Montevideo también puede ser escapada si se mira distinto
Para quienes viven en el interior, Montevideo puede ser una escapada perfecta. Y para quienes viven en Montevideo, también puede funcionar si se cambia el recorrido habitual. Una noche en un hotel, un almuerzo especial, una función de teatro, un museo, una caminata por la rambla, una librería o una merienda en otro barrio pueden hacer que la capital se sienta menos cotidiana.
El Día del Padre puede ser una buena excusa para armar un plan urbano sin demasiados traslados. Montevideo tiene una ventaja fuerte en julio: si llueve, hay más opciones bajo techo. Cine, teatro, cafés, centros culturales, museos y restaurantes permiten sostener el festejo incluso cuando el clima no ayuda.
Para familias con niños, conviene revisar la agenda de vacaciones de julio. Para padres que disfrutan la cultura, una función o exposición puede ser el regalo principal. Para quienes prefieren comer, el almuerzo puede ser el centro y la caminata apenas un complemento.
Cómo elegir la escapada según el tipo de papá
No hay una única escapada perfecta. Hay una escapada adecuada para cada padre.

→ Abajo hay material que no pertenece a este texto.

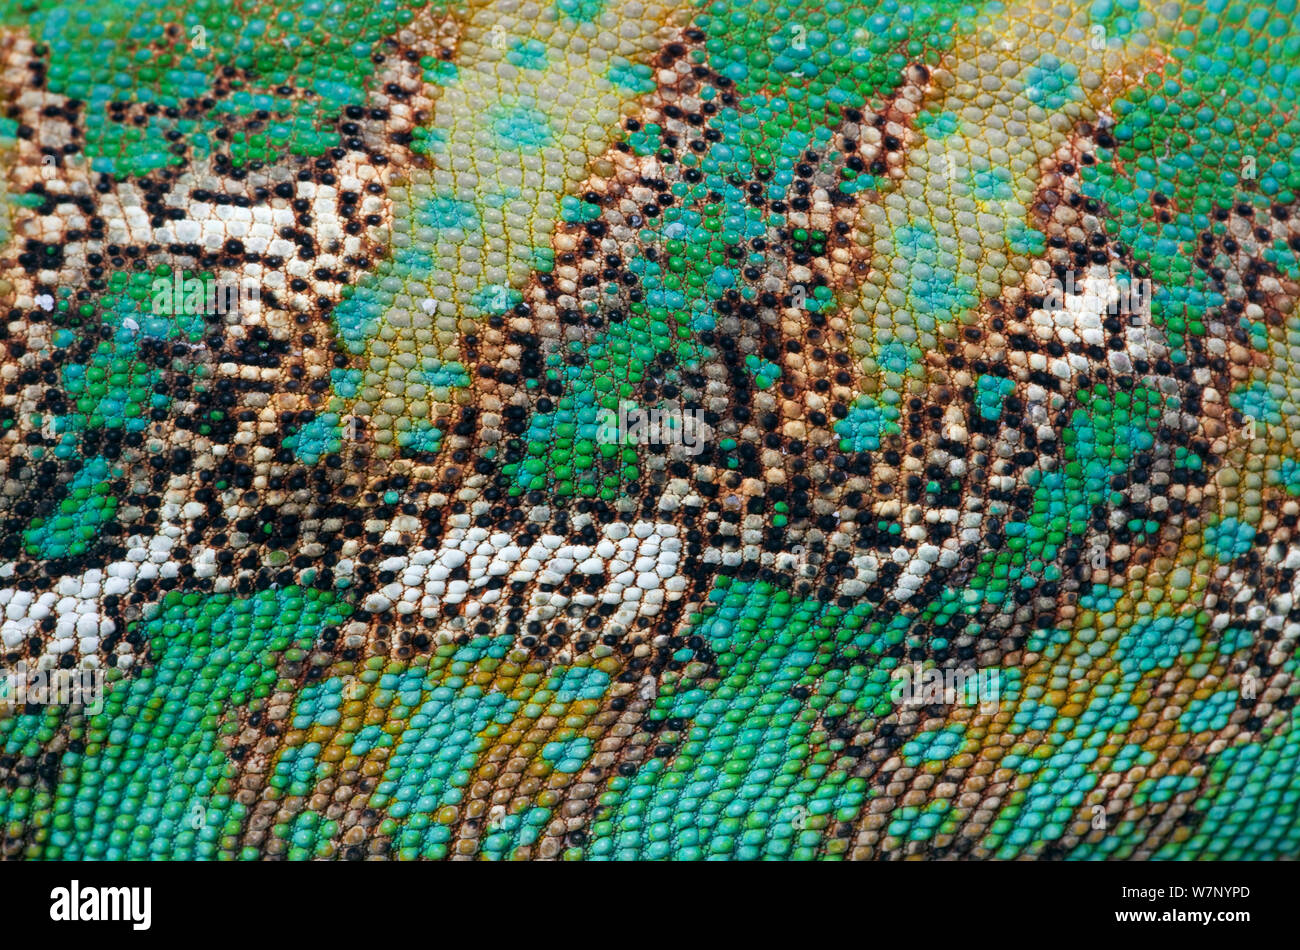 Yemen or Veiled Chameleon (Chamaeleo calyptratus) close-up of skin, captive from the Middle-East Stock Photo

Y esa diferencia importa.
Si le gusta descansar, mejor termas o una posada tranquila. Si disfruta caminar, Colonia, rambla o costa. Si es gastronómico, bodega, parrilla o restaurante con sobremesa. Si le gusta la naturaleza, sierras o mar de invierno. Si prefiere planes simples, una salida cerca de casa puede ser suficiente. Si no quiere manejar, conviene elegir destinos con buena llegada y movilidad fácil.
La lista corta para decidir puede ser esta:
- Pensar qué disfruta papá, elegir un destino cercano, revisar el clima, reservar si hay comida o alojamiento, no sobrecargar el día, llevar abrigo y dejar espacio para la sobremesa, la caminata o el descanso.
Eso alcanza para evitar que el regalo se vuelva una logística pesada. En fechas familiares, lo más importante es que el plan no genere más estrés que alegría.
El valor de volver con una historia
Un regalo material puede ser lindo, útil y necesario. Pero una escapada corta deja otra cosa: una historia. "¿Te acordás cuando fuimos a Colonia por el Día del Padre?", "cuando nos agarró frío en la rambla", "cuando terminamos tomando chocolate caliente", "cuando papá eligió el restaurante", "cuando los gurises se durmieron en la vuelta".
Esos recuerdos no siempre se planifican. Aparecen cuando se abre un espacio para que pasen. Salir de casa, aunque sea por unas horas, cambia el tono del día.
Por eso, el mejor regalo para papá puede ser una escapada corta. No porque sea más cara ni más original, sino porque pone el foco en lo que muchas veces falta: tiempo compartido, atención y ganas de hacer algo distinto.
En un julio frío, con domingos que suelen parecerse demasiado entre sí, regalar una salida puede ser una forma simple de decir lo importante: hoy el plan sos vos.